Jenderal Sutarman dulu di copot Jokowi sekarang muncul dukung Prabowo-Gibran, Begini Rekam Jejaknya

0
9
Foto: Mantan Kapolri Jenderal Polisi (Purn.) Drs H Sutarman, S I K (kompas.com/dani prabowo) © Disediakan oleh Tribunnews Wiki
Pewarta: Arie I Editor: Ct80 I Selasa 06-02-2024
BERITA-Pemilu
NASIONAL, Jakartaswaraproletar.idMantan Kapolri Jenderal (Purn) Sutarman yang dulu dicopot Presiden Joko Widodo (Jokowi) akhirnya muncul lagi.
Lama tak terdengar kabarnya, Sutarman kini terlihat hadir di barisan pendukung capres-cawapres nomor urut 02 Prabowo Subianto-Gibran Rakabuming Raka dalam debat capres terakhir di JCC, Senayan, Jakarta, Minggu, 4 Februari 2024.
Sutarman tampak duduk di barisan kursi paling depan.
Jenderal bintang empat itu berada di antara Jenderal (Purn) Dudung Abdurachman dan Letjen (Purn) Prof. Dr. dr. Terawan Agus Putranto.

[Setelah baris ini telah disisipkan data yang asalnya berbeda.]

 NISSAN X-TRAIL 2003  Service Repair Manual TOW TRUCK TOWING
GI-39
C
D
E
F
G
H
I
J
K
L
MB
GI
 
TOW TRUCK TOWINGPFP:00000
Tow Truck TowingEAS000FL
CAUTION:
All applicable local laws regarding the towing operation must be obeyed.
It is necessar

Sutarman sendiri punya pengalaman mendampingi tiga presiden berbeda, antara lain Presiden Gus Dur, Presiden Susilo Bambang Yudhoyono (SBY), dan Presiden Jokowi.
Ia dipercaya menjadi ajudan Presiden ke-4 Abdurrahman Wahid alias Gus Dur pada tahun 2000 sampai 2001 lalu.

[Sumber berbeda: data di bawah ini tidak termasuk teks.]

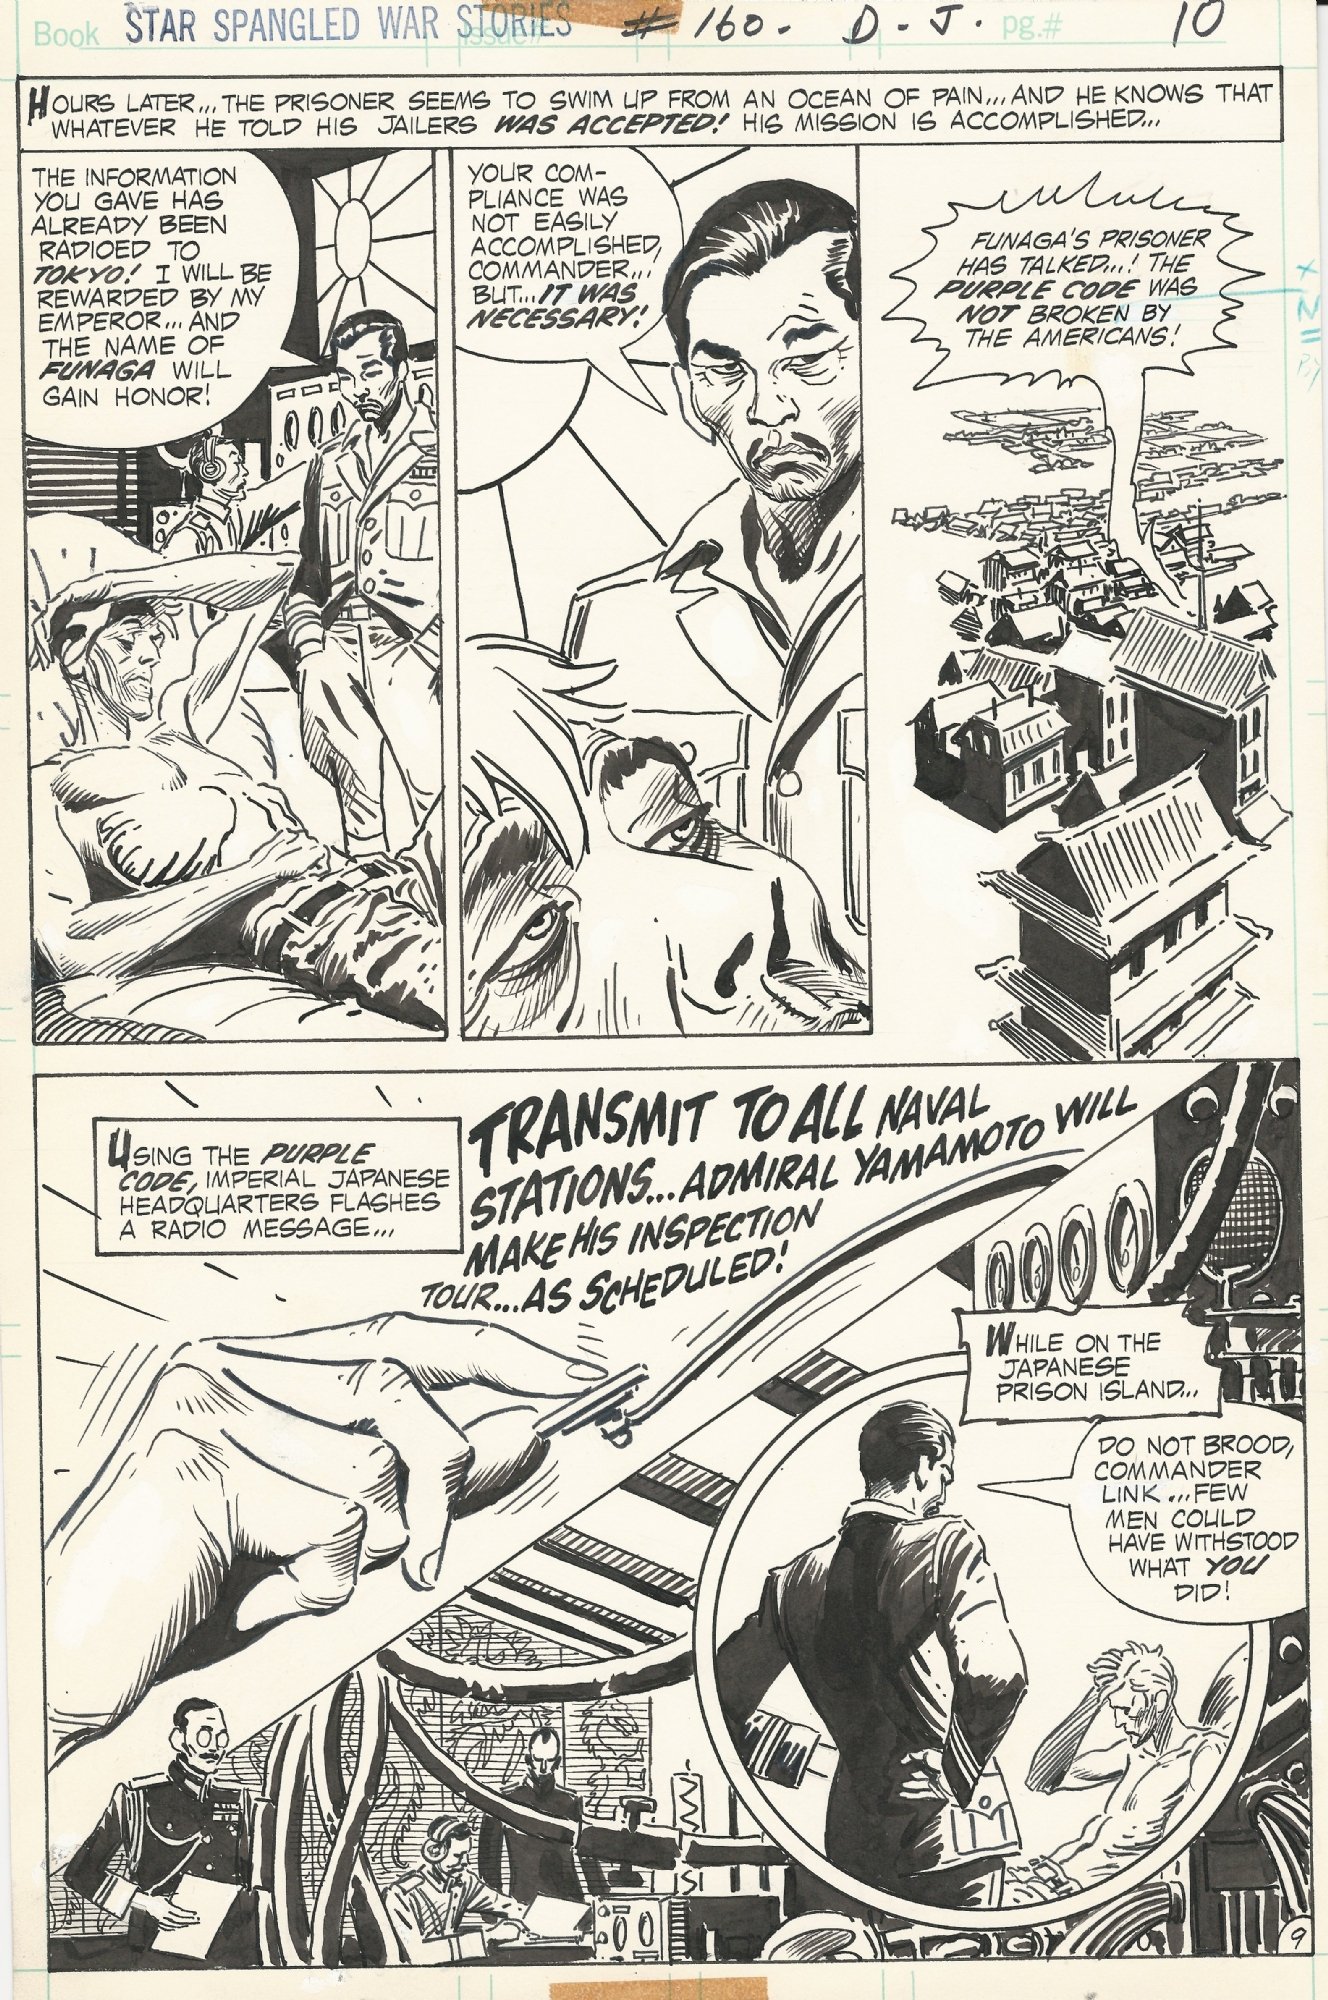 CHEVEUX DE FEU/Joe kubert/ 1978年 USA - 少年漫画

Pada 2013, Sutarman dilantik Presiden Susilo Bambang Yudhoyono menjadi Kapolri.
Rekam jejak Sutarman
Jenderal Sutarman sendiri pernah viral karena jabatannya sebagai Kapolri dicopot oleh Presiden Jokowi, 9 bulan jelang pensiun.
Namanya makin dikenal karena setelah dicopot ia memilih menjadi petani ketimbang jabatan sebagai duta besar.
Jenderal Sutarman dilantik sebagai Kapolri oleh Presiden RI, Susilo Bambang Yudhoyono atau SBY pada 25 Oktober 2013.
Dia merupakan mantan ajudan Presiden RI ke-4, Abdurrahman Wahid atau Gus Dur.
Saat purna bakti, Jenderal (Purn) Sutarman memilih pulang dan hidup di kampung halamannya di Jawa Tengah.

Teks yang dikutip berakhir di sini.